Today John Oliver saves the Internet. Tomorrow he announces Nutflix?

In honor of today’s big win for net neutrality and cute cat video-watchers everywhere, we want to doff our cap to the man who helped shame Federal Communications Commission chairman Tom Wheeler into doing the right thing:

John Oliver, eponymous host of HBO’s blessedly influential Last Week Tonight With John Oliver.

Before being appointed to chair the FCC in 2013 by President Barack Obama, Wheeler was a flak lobbyist for the cable and wireless industry. So it’s no wonder he was such a vocal and potentially decisive hold-out on the whole, “Does the World Wide Web belong to everyone?” question.

Or, as Oliver framed Wheeler’s appointment in his scathingly accurate distillation, “That is the equivalent of needing a babysitter and hiring a dingo.”

So no surprise then that Wheeler long favored a two-tiered system that would allow huge internet service providers like Comcast, Verizon, Time Warner Cable and other broadband oligarchs to extort tech companies that want to send their customers online content at acceptable speeds.
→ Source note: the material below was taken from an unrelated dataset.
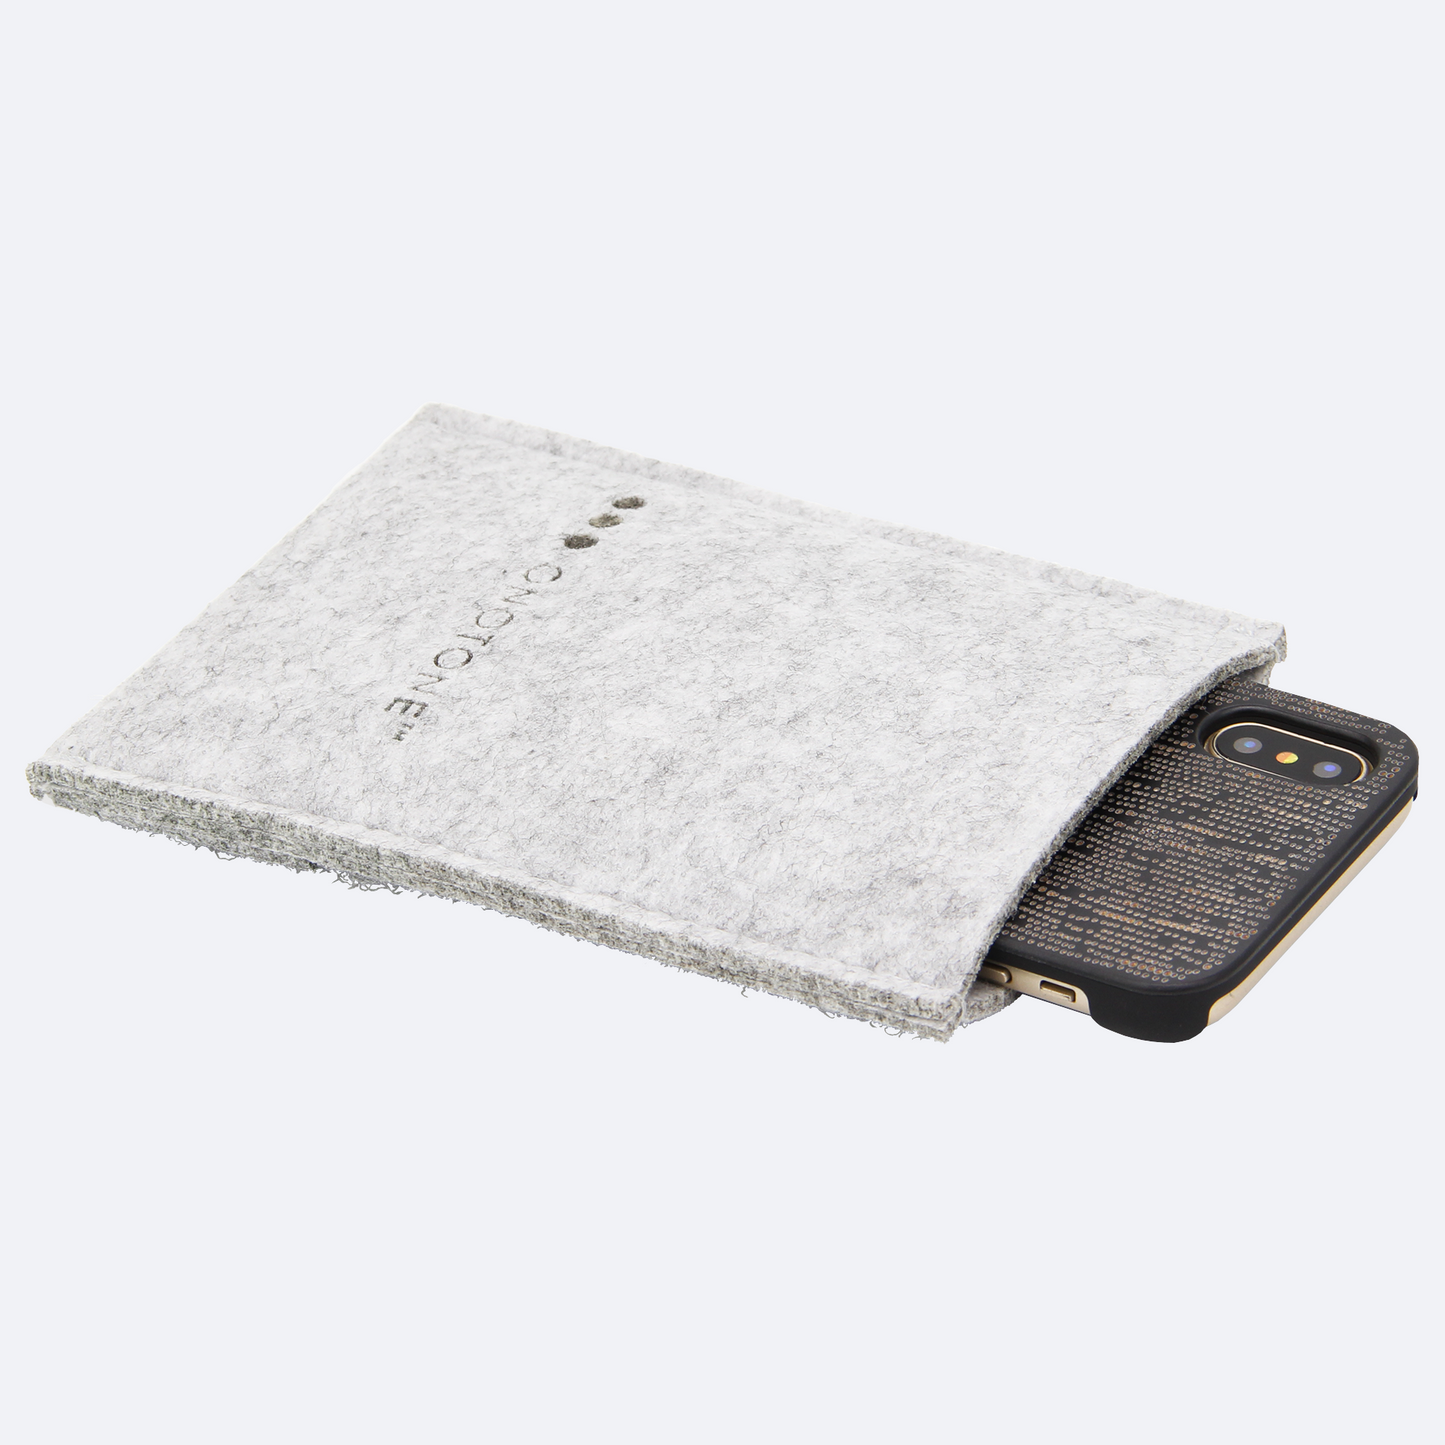 Black iPhone case pouch

Those that didn’t want to cough up these “premiums” would be sent back in time to the DSL days, when you could finish a load of laundry while waiting for that Joey Lawrence hair pic to download.

Even worse, this system would weed out innovative start-ups, including whatever the next iteration of Netflix is.

As of right now, the internet operates more or less as a social Darwinist meritocracy, where good ideas devour the bad. But the monopoly-minded cable industry didn’t want to keep peering over its shoulder at the next young turk, and had Wheeler in their pocket to accommodate.

Until Oliver called on online commenters—or “monsters,” as he says—to make themselves heard.

And, boy, did they.

Today’s 3-2 FCC vote, which still has to survive a likely court challenge, represents a huge win for the not-so-silent majority over monied and well-connected interests.

(And maybe it also sets a scary precedent for listening to online comments—but let’s focus on the good, shall we?)